I am a PhD candidate at Northwestern University in the Interactive Audio Lab, under Prof. Bryan Pardo. My research is in machine learning, music information retrieval, audio source separation, music structure and similarity, and acoustics. I also write music. Contact me at prem [at] u.northwestern.edu.
We approach cover song identification using a novel time-series representation of audio based on the 2DFT. The audio is represented as a sequence of magnitude 2D Fourier Transforms (2DFT). This representation is robust to key changes, timbral changes, and small local tempo deviations. We look at cross-similarity between these time-series, and extract a distance measure that is invariant to music structure changes. Our approach is state-of-the-art on a recent cover song dataset, and expands on previous work using the 2DFT for music representation and work on live song recognition.
Audealize is a new way of looking at audio production tools. Instead of the traditional complex interfaces consisting of knobs with hard-to-understand labels, Audealize provides a semantic interface. Simply describe the type of sound you're looking for in the search boxes, or click and drag around the maps to find new effects.
Audio source separation is the isolation of sound producing sources in an audio scene (e.g. isolating a horn section in a big band).
Nonnegative Matrix Factorization (NMF) is a popular source separation method. It learns a dictionary of spectral templates from the audio. Separation via NMF needs external guidance to group spectral templates by source.

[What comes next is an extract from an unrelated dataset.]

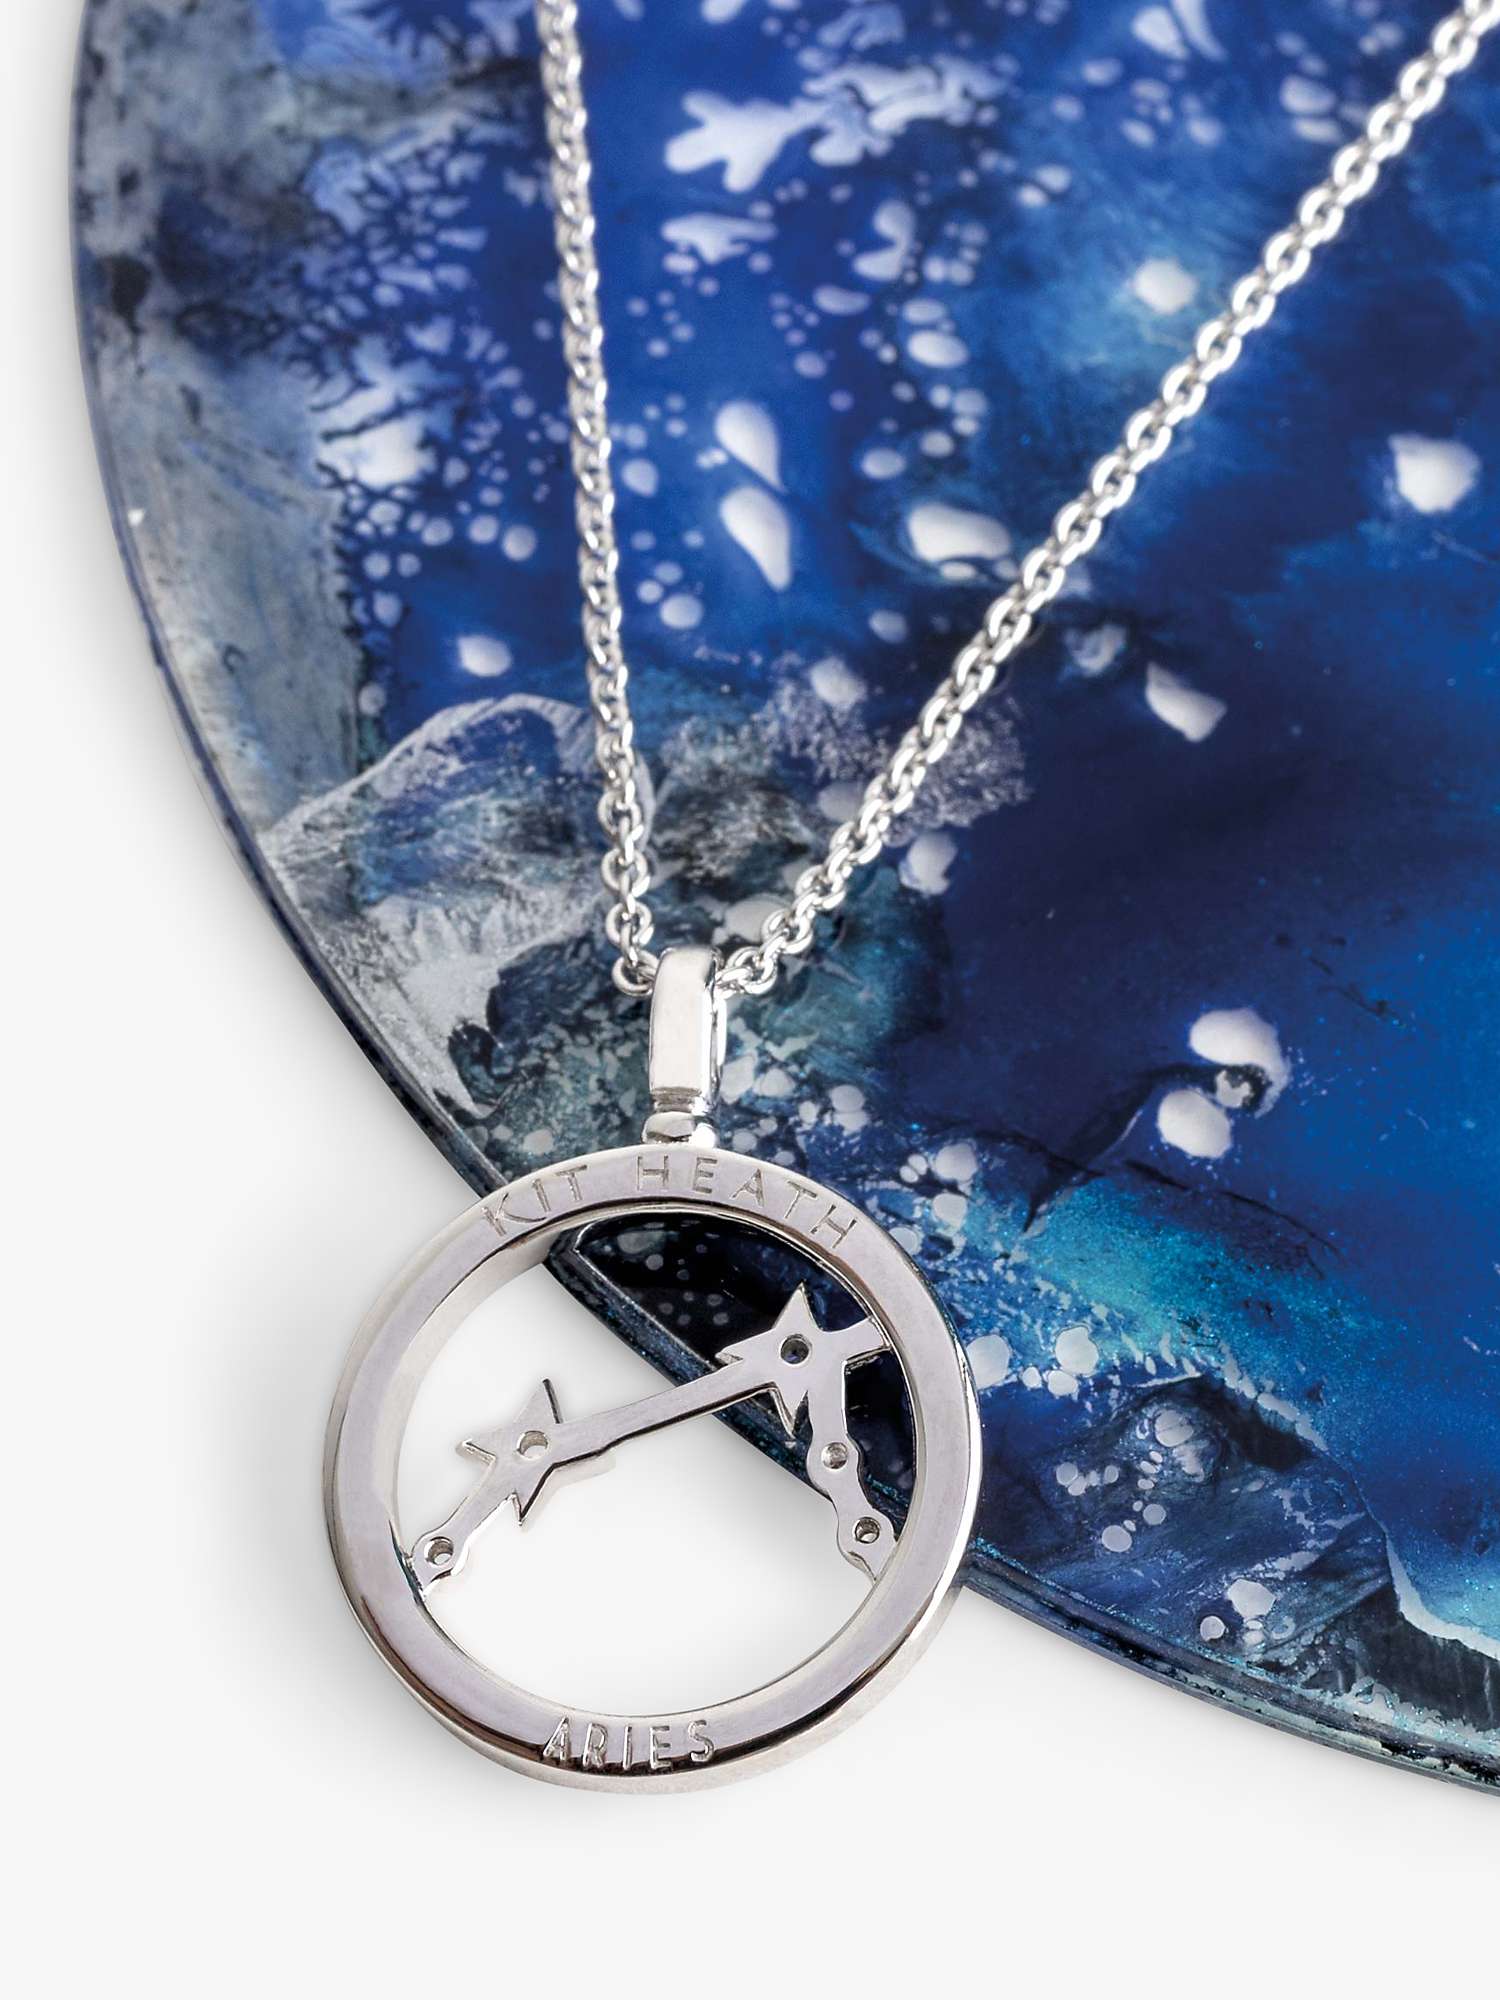 Buy Kit Heath Aries Constellation Pendant Necklace, Silver Online at johnlewis.com

SocialReverb is a task designed to collect words that people use to describe reverberation. In collecting this vocabulary, we can map words people use to describe audio to actual tools that can manipulate the audio. Using that knowledge, we can develop tools that allow laymen to manipulate audio just by describing it.
ClapIR is an application that allows users to measure the acoustic properties of rooms quickly and easily. From a simple recording of a clap, or other loud noise, the app calculates reverberation time, decay curve, frequency decay, frequency response, and impulse spectra.